---- PROVIDED DATA
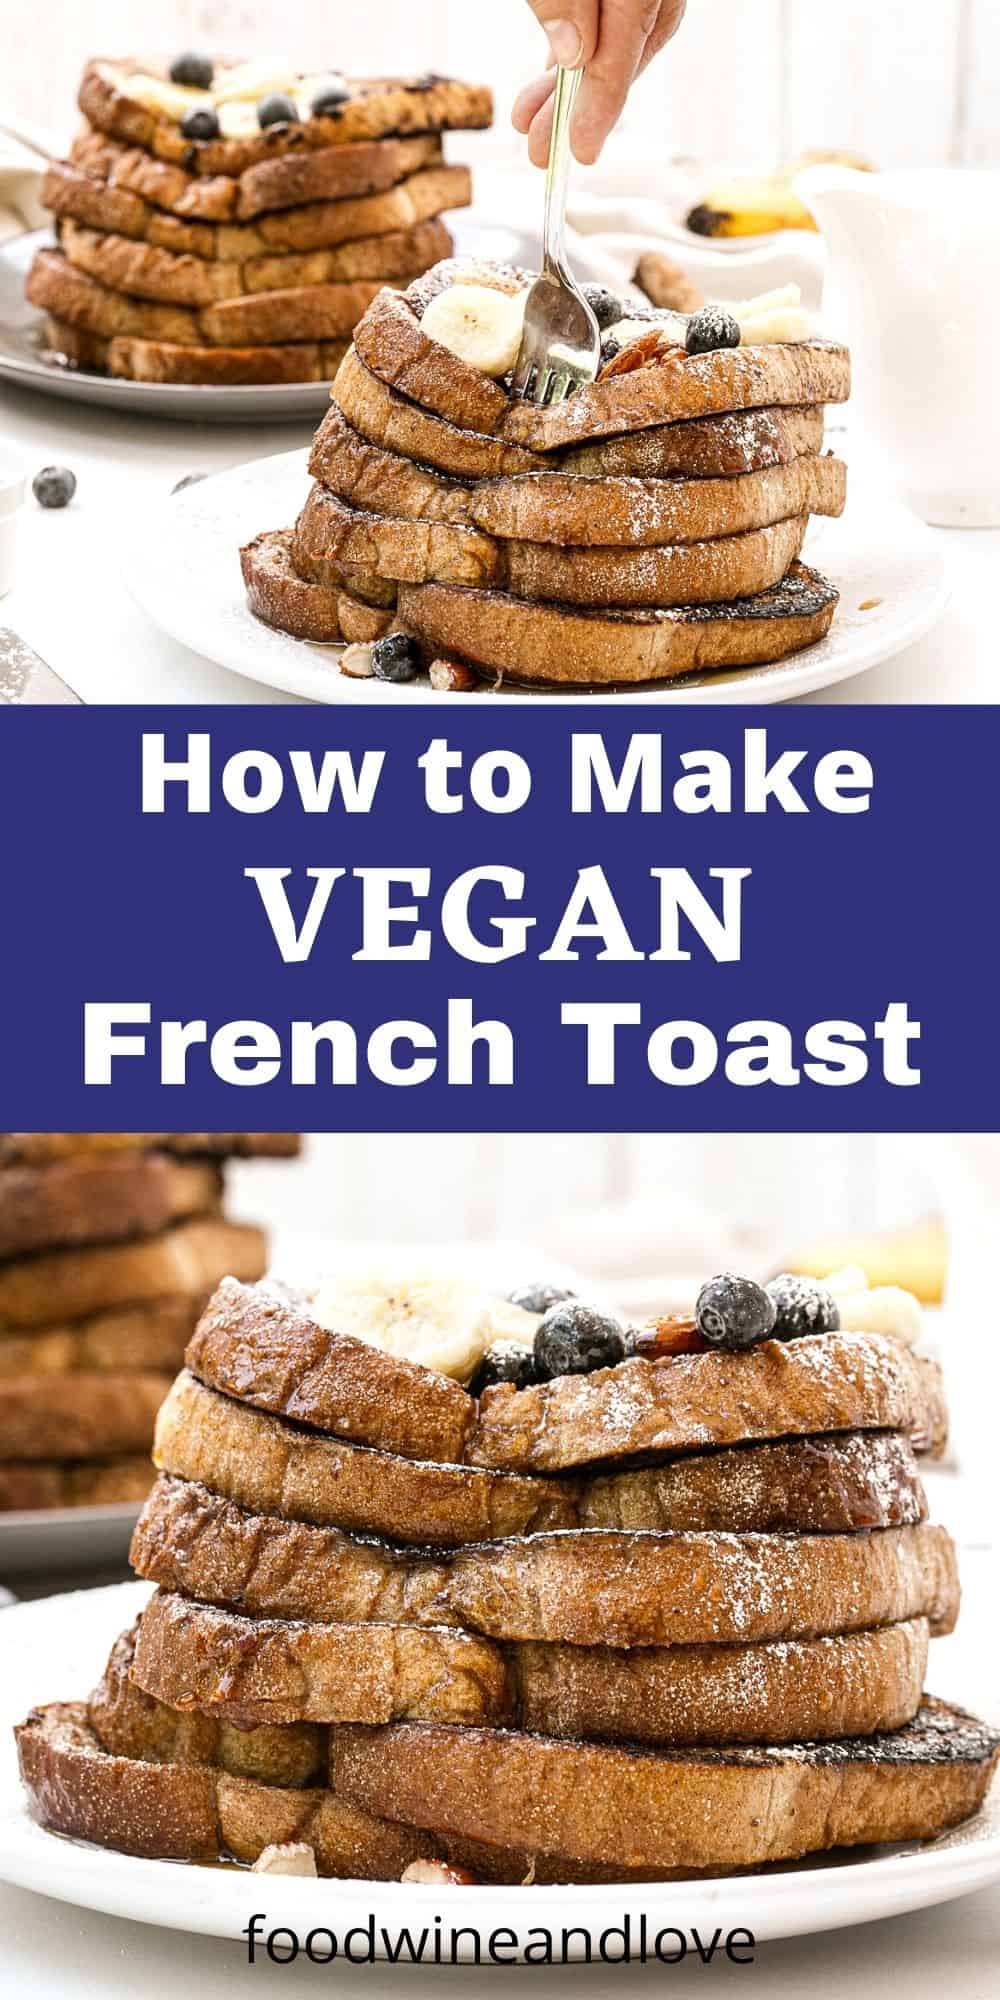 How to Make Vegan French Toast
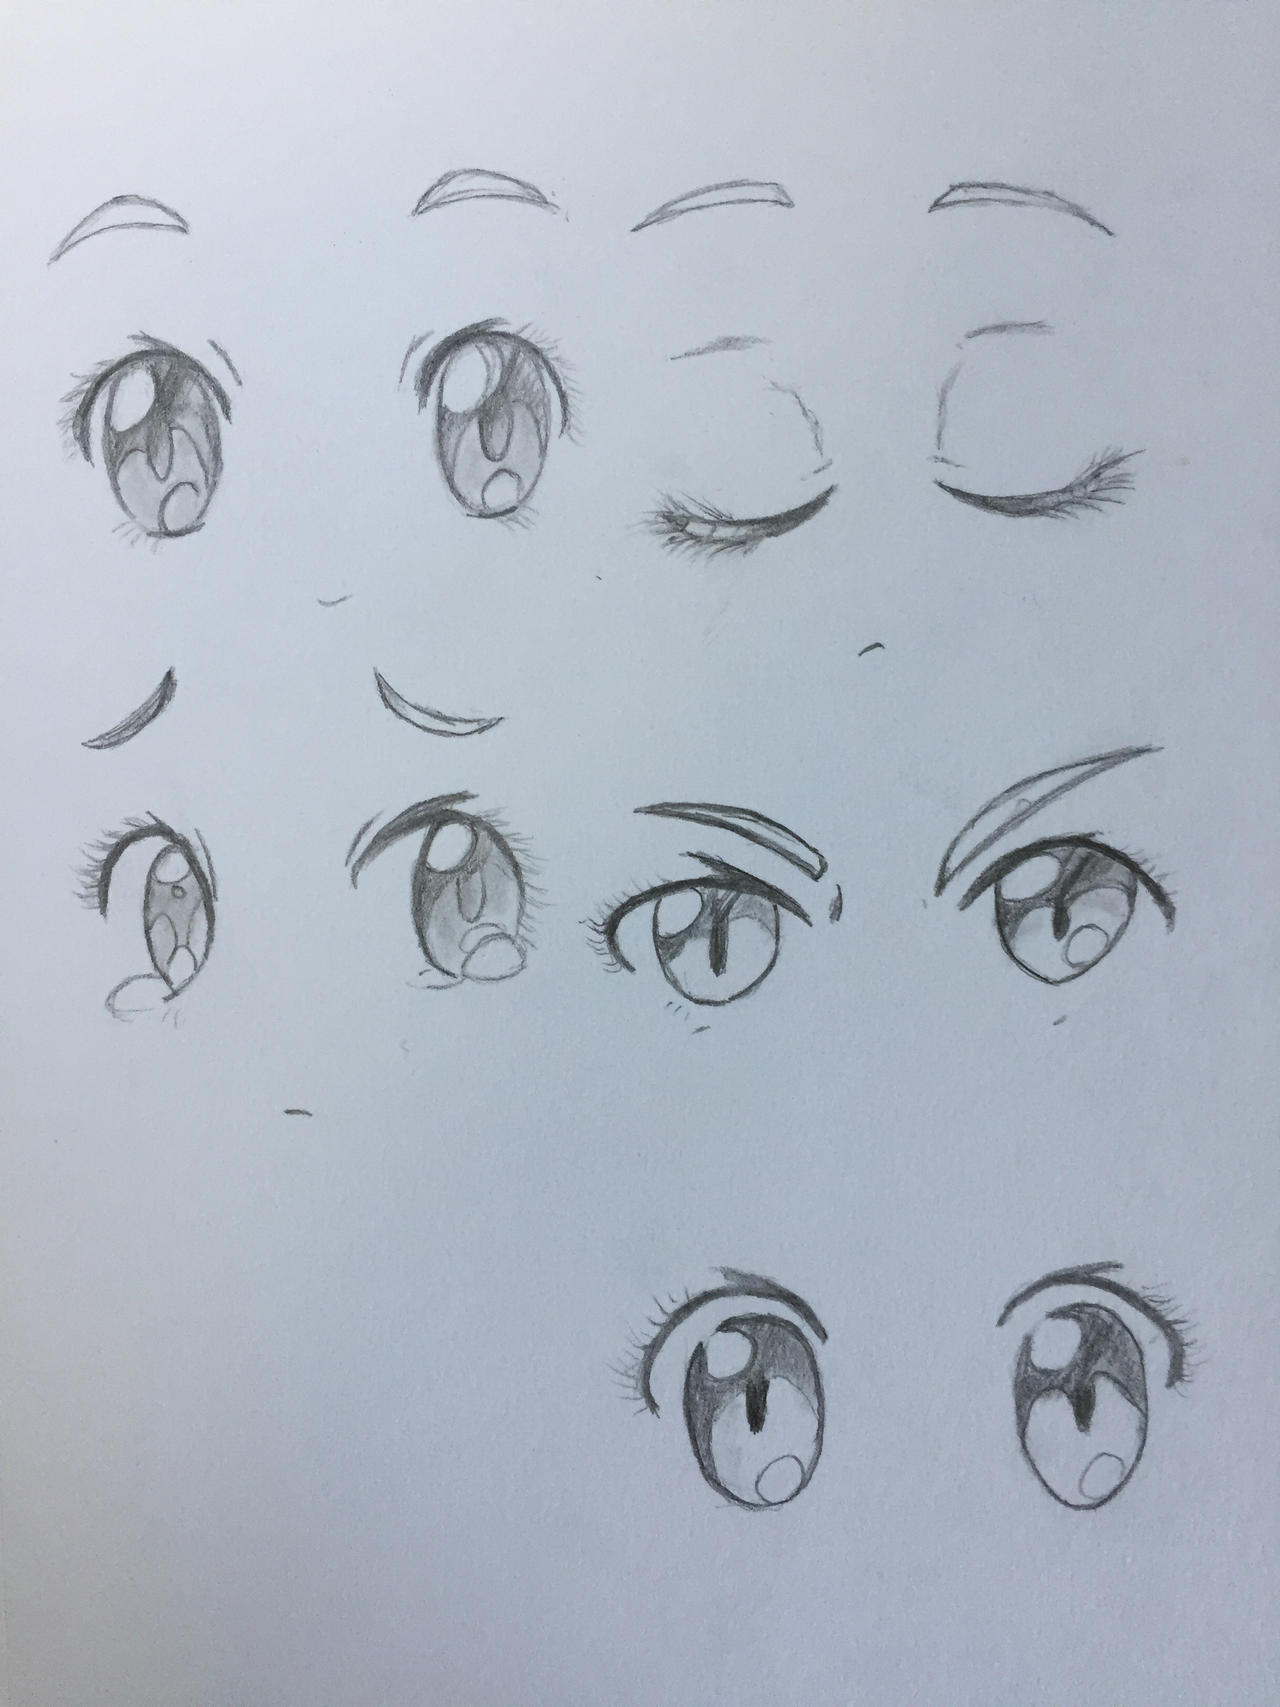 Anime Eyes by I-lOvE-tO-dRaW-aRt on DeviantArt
--------
---- PROVIDED DATA
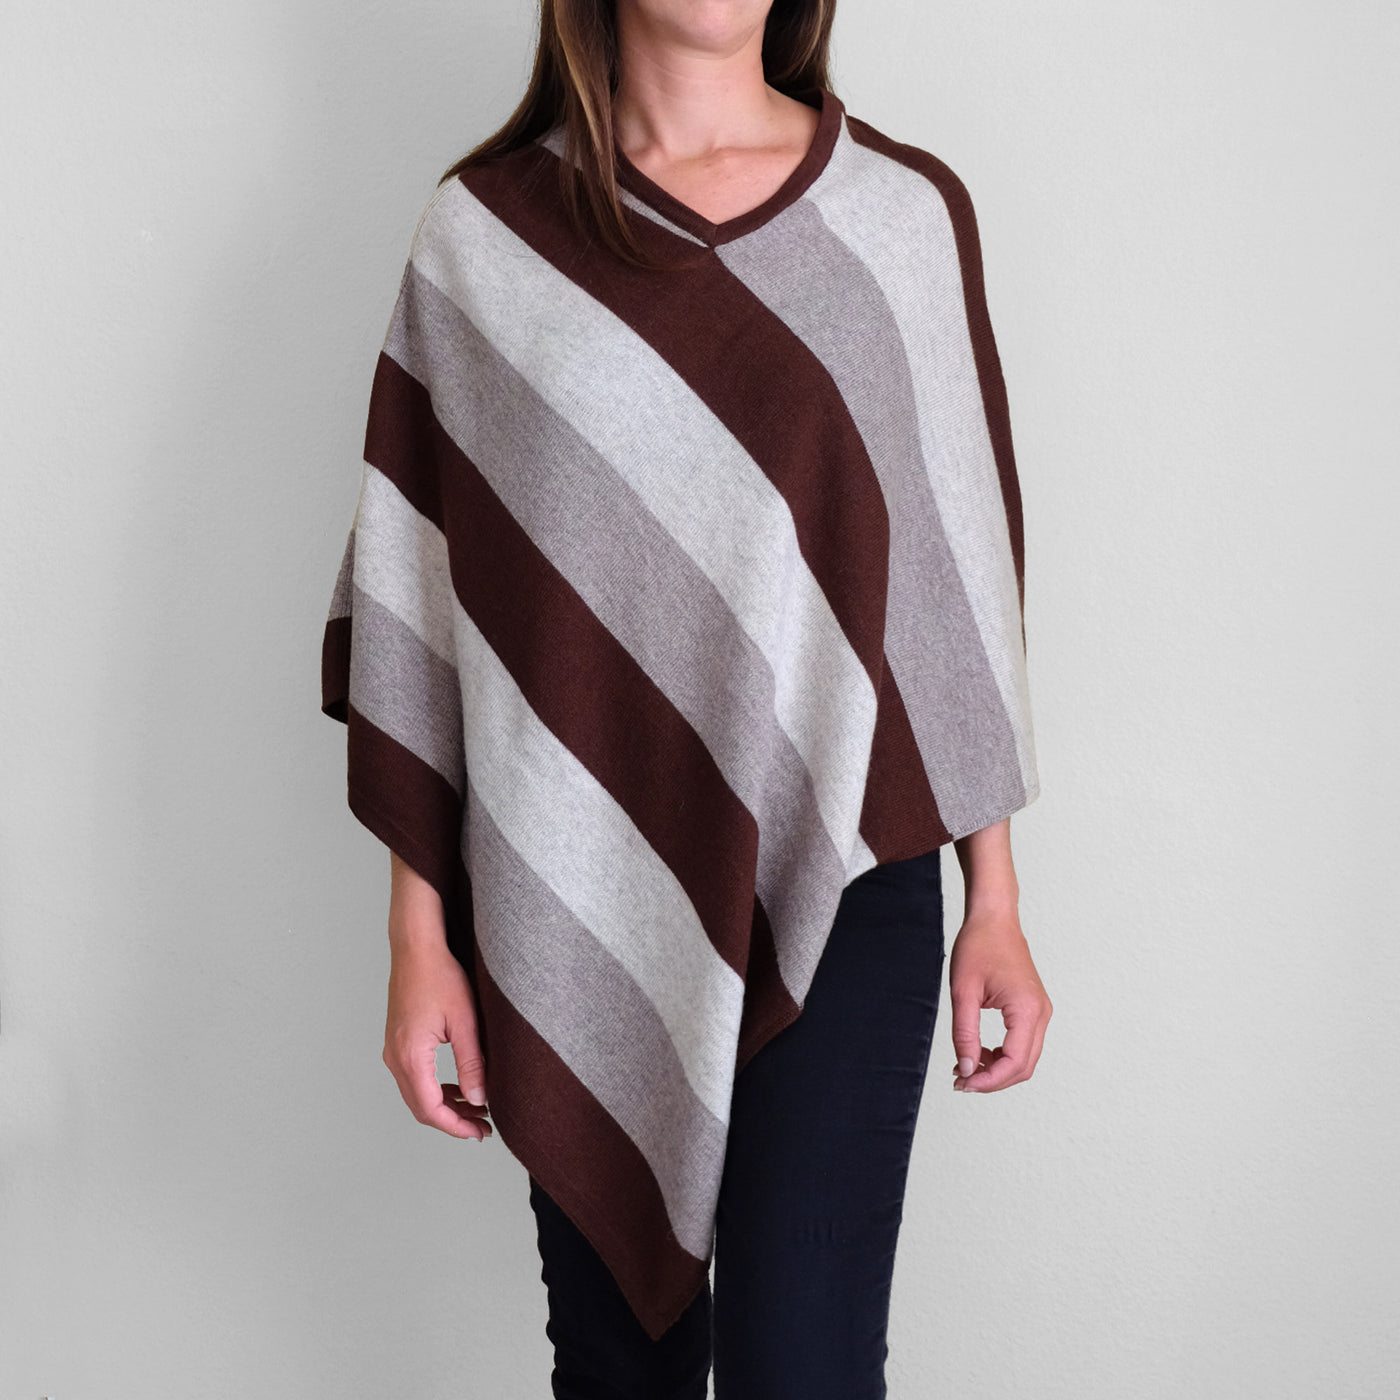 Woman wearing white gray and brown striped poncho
--------
_WORK INSTRUCTIONS_
Using the data above, print only the lines starting at the one with "How to Make Vegan French Toast" and ending at the one with "Anime Eyes by", exactly as they stand, minus the pictures.

_RESPONSE TO THIS EXERCISE_
 How to Make Vegan French Toast
 Anime Eyes by I-lOvE-tO-dRaW-aRt on DeviantArt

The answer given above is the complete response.